[Items from a dataset]

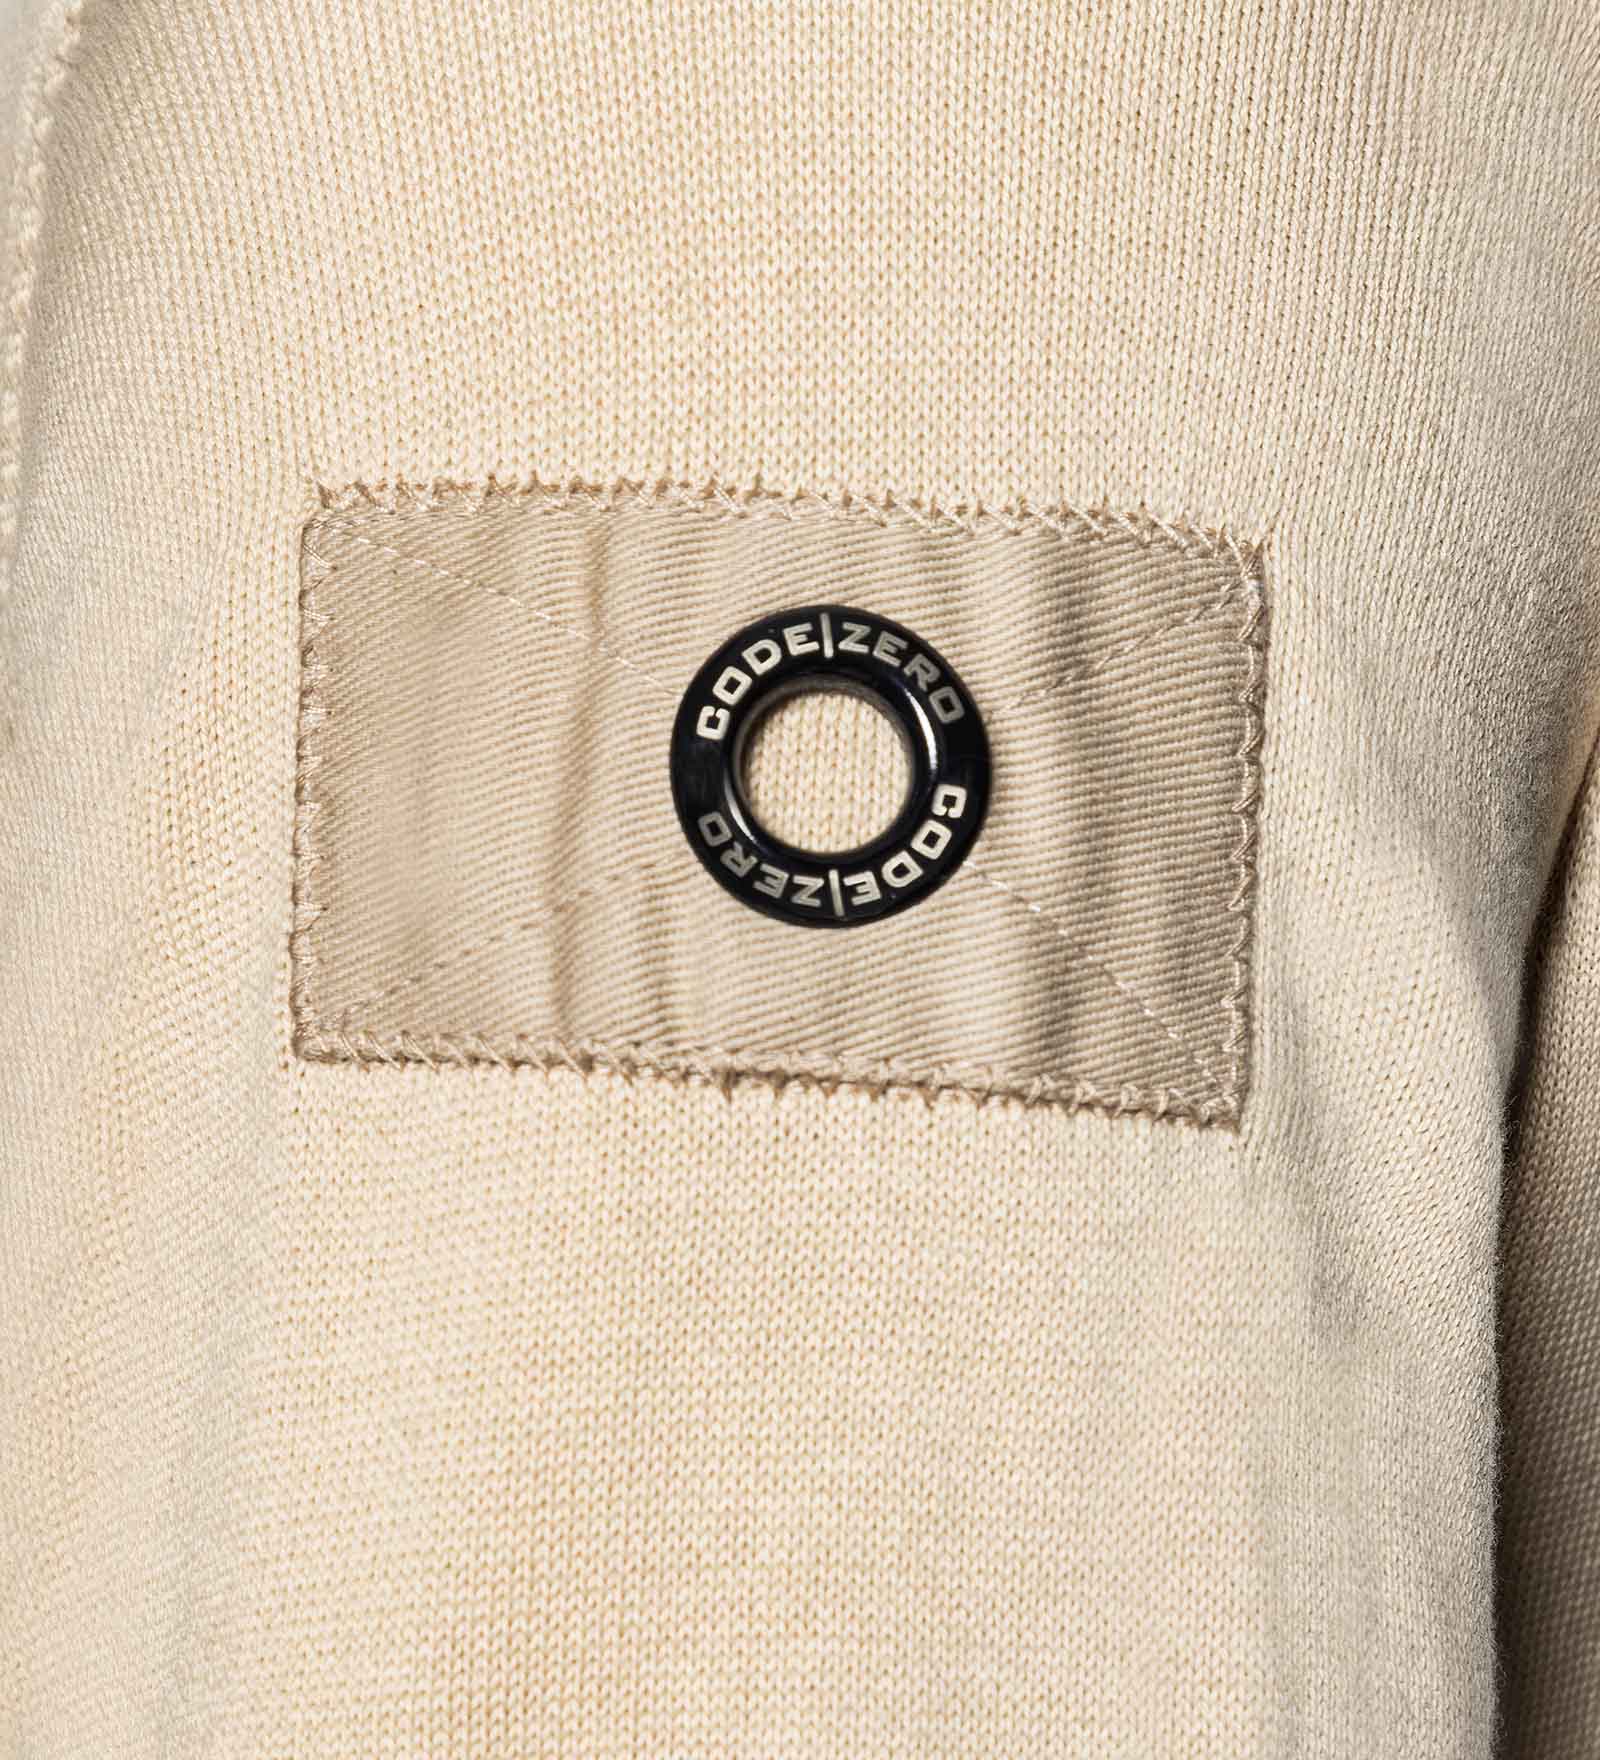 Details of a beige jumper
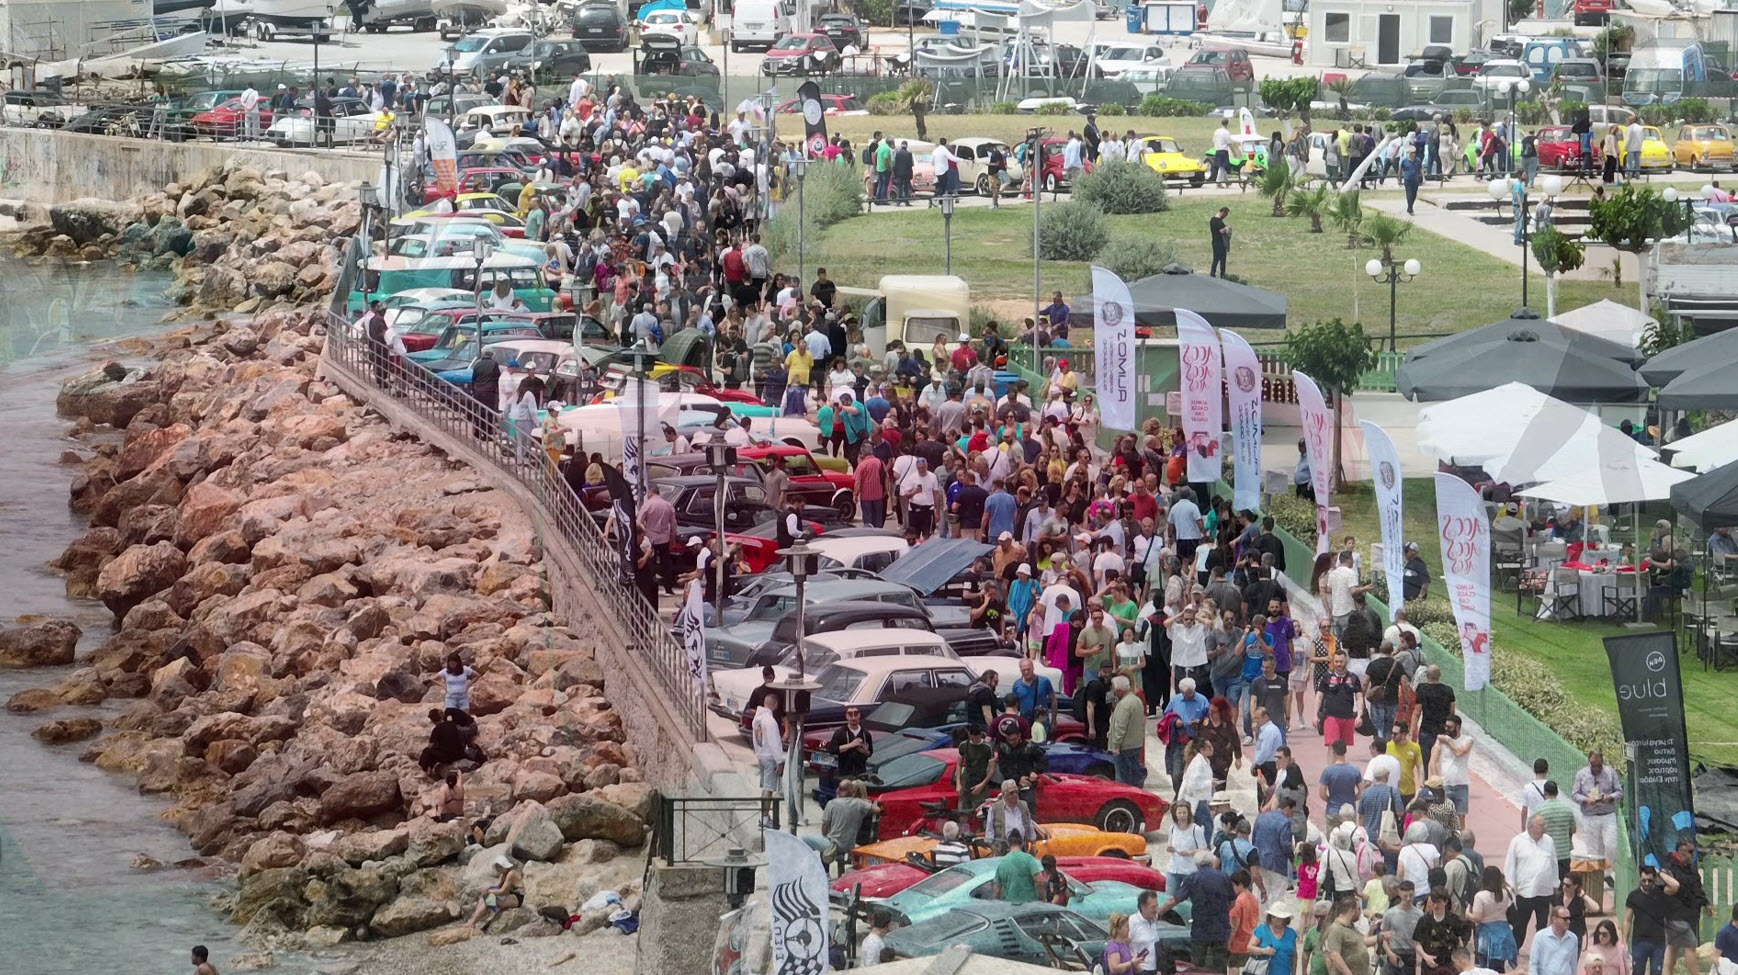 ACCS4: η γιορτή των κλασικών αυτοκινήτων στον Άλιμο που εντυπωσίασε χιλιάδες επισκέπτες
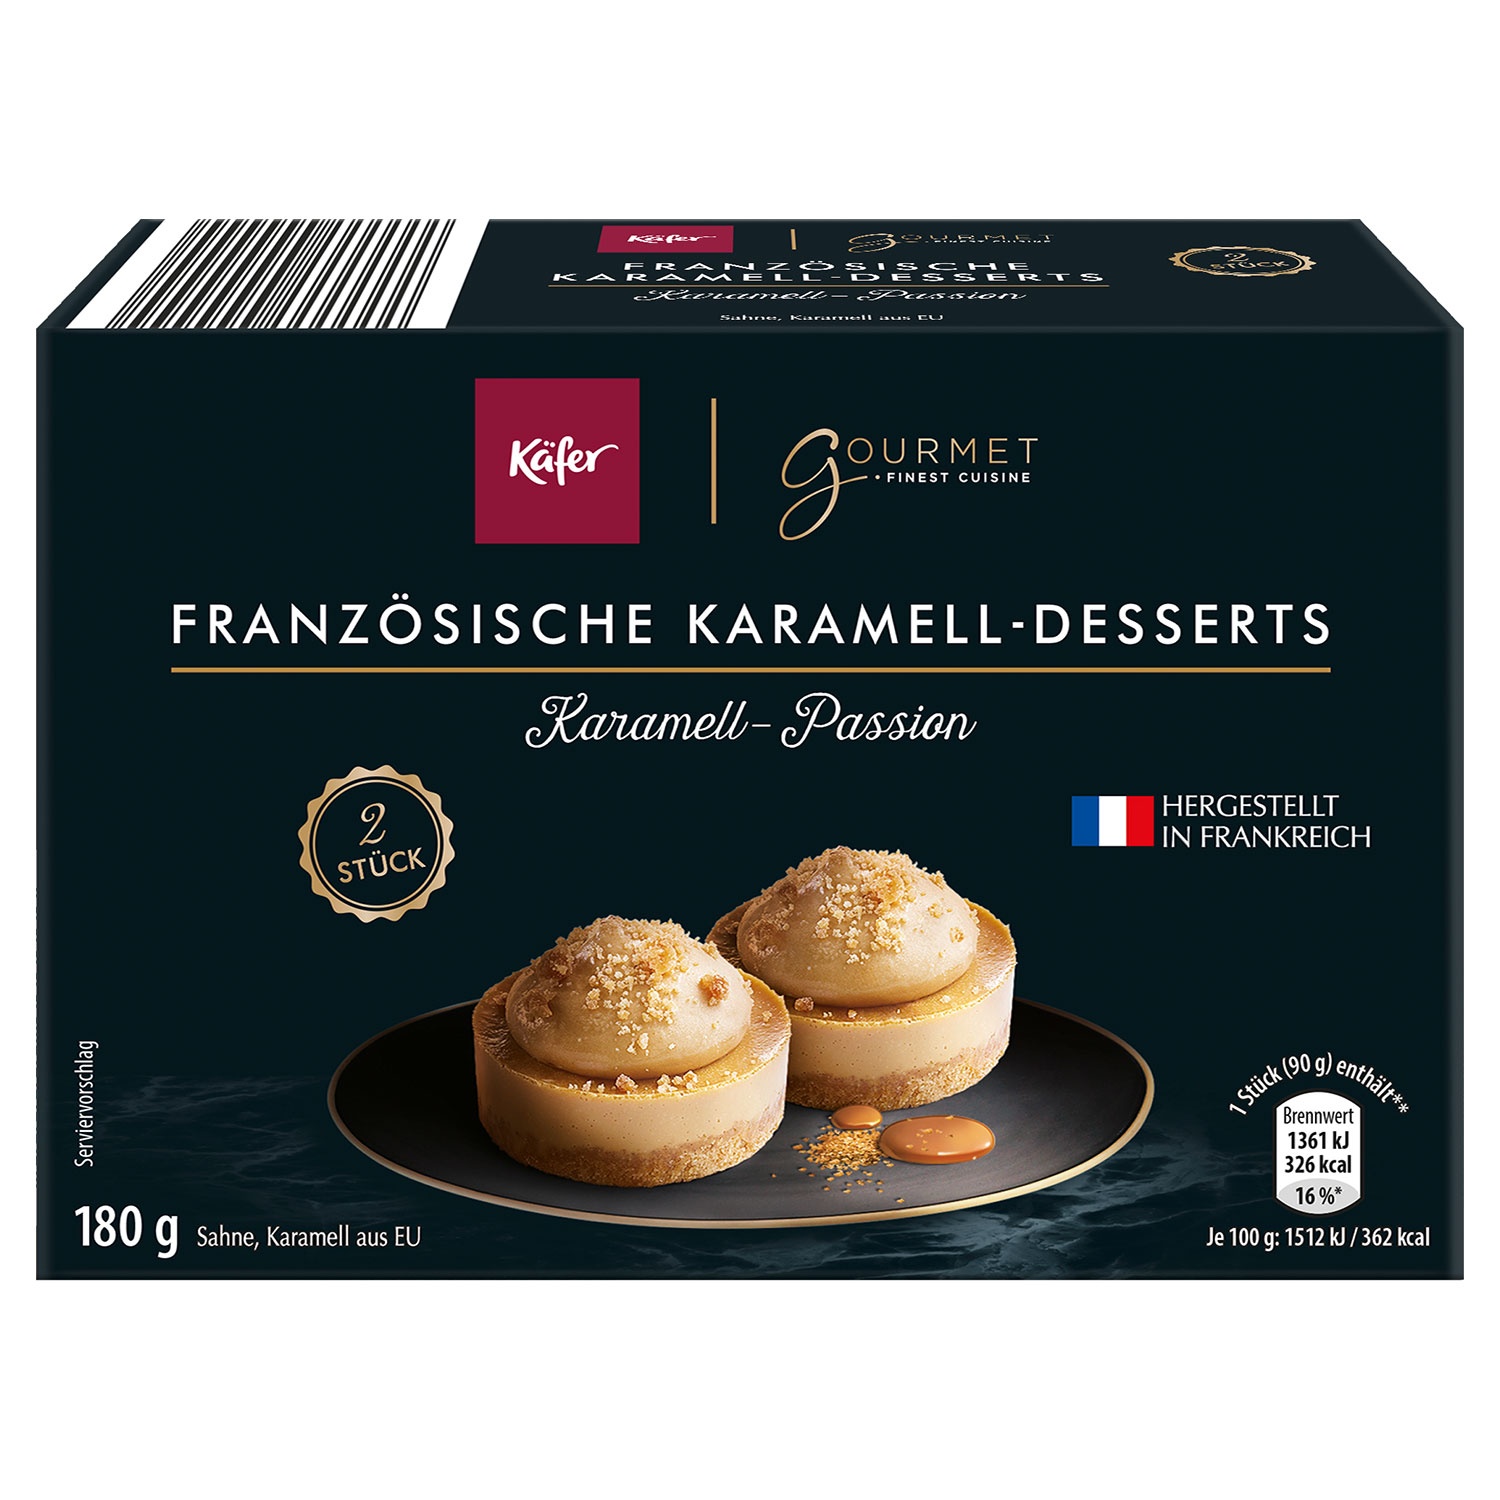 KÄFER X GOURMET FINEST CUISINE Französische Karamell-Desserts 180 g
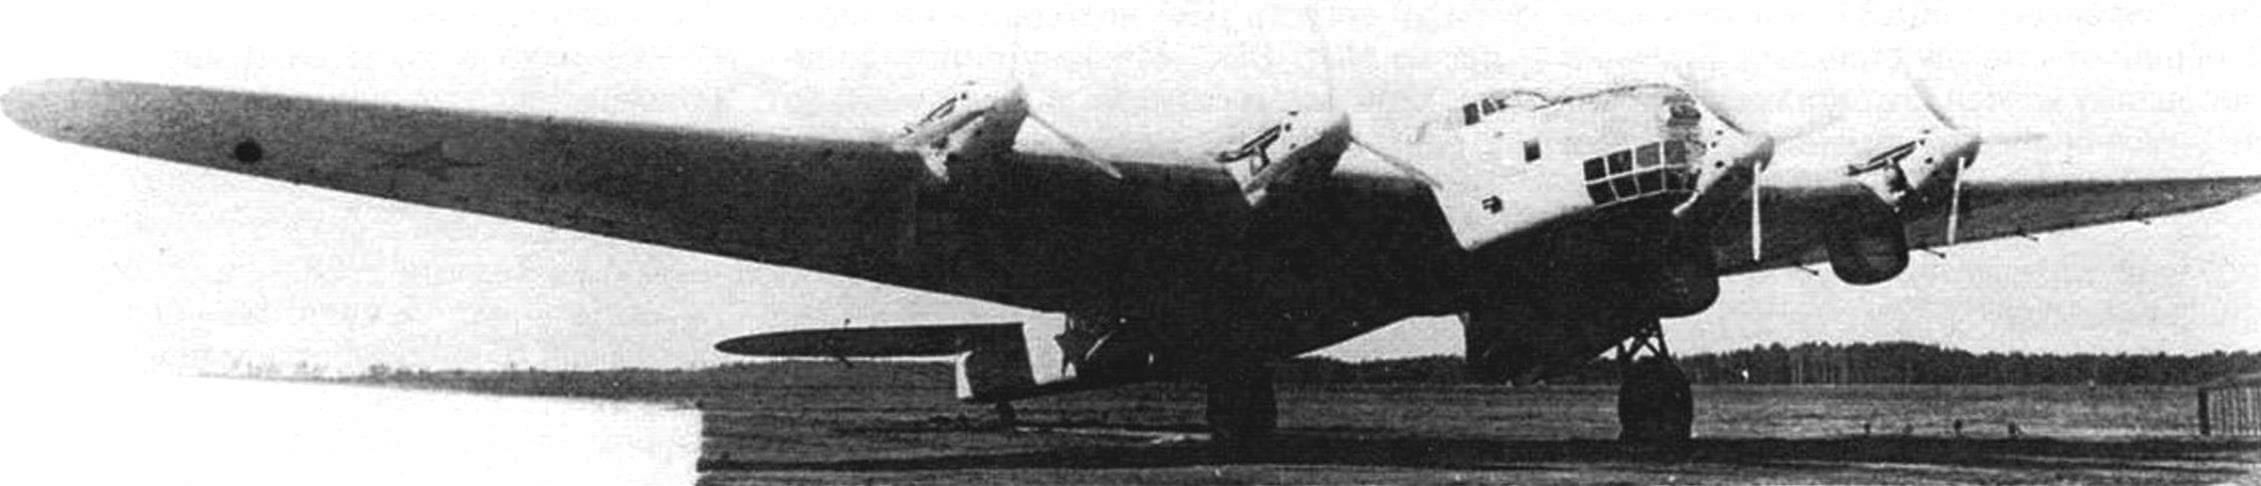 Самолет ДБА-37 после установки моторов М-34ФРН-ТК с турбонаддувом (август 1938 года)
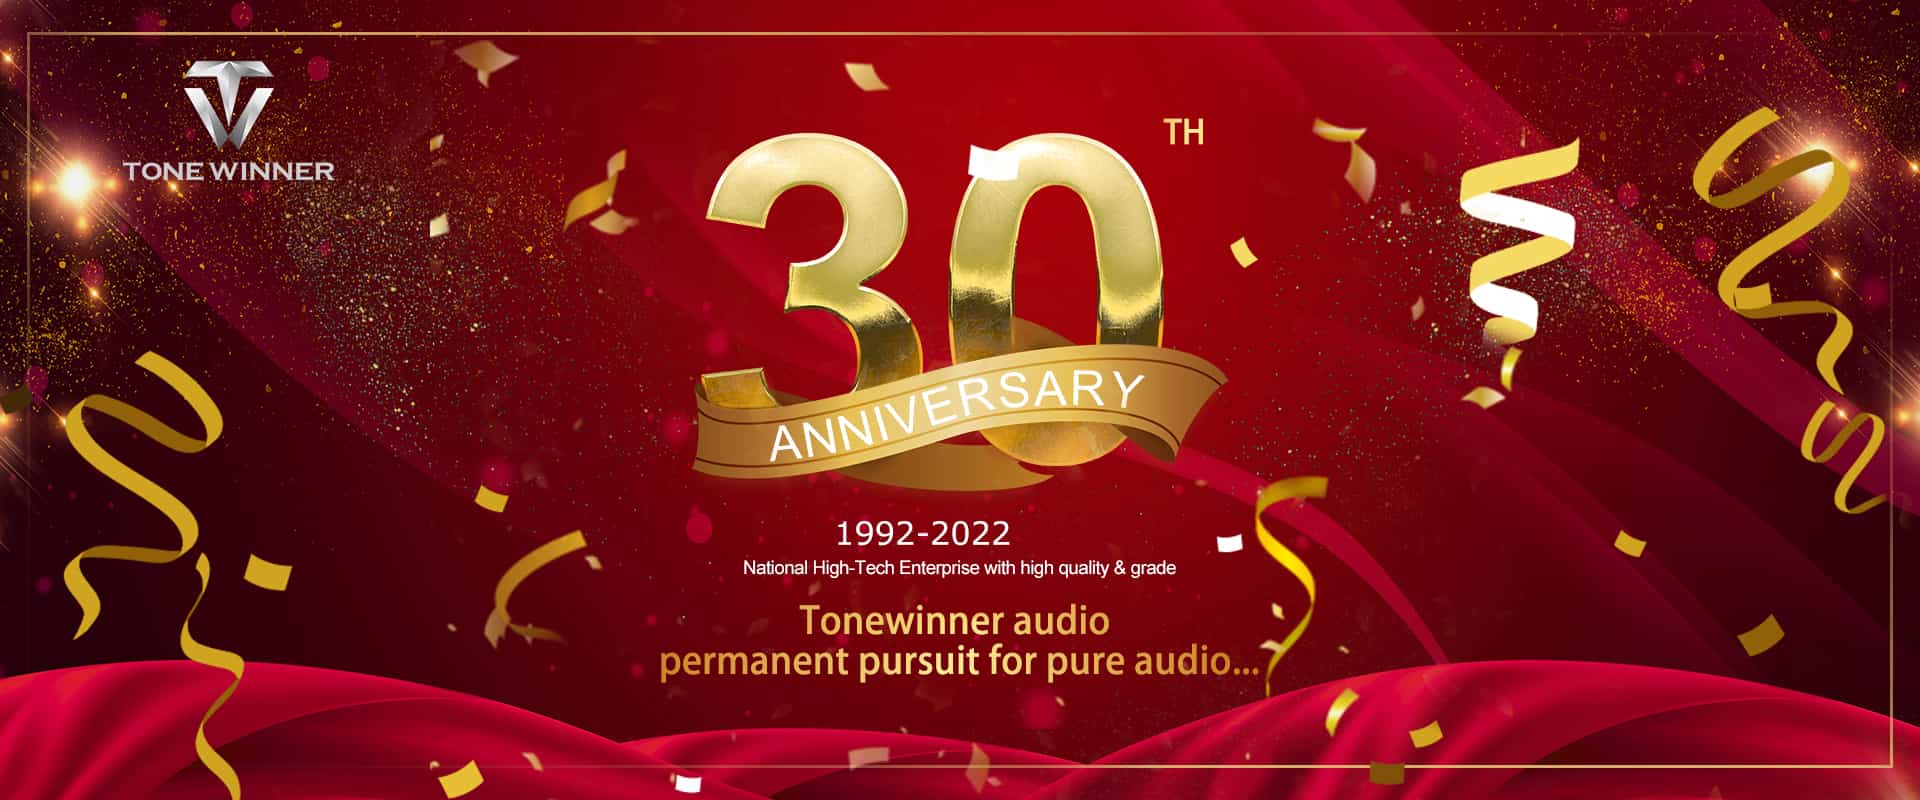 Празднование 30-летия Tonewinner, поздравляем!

● Directions
The expected output is every line of the data, unchanged, with the pictures skipped.

● Result of this exercise
 Details of a beige jumper
 ACCS4: η γιορτή των κλασικών αυτοκινήτων στον Άλιμο που εντυπωσίασε χιλιάδες επισκέπτες
 KÄFER X GOURMET FINEST CUISINE Französische Karamell-Desserts 180 g
 Самолет ДБА-37 после установки моторов М-34ФРН-ТК с турбонаддувом (август 1938 года)
 Празднование 30-летия Tonewinner, поздравляем!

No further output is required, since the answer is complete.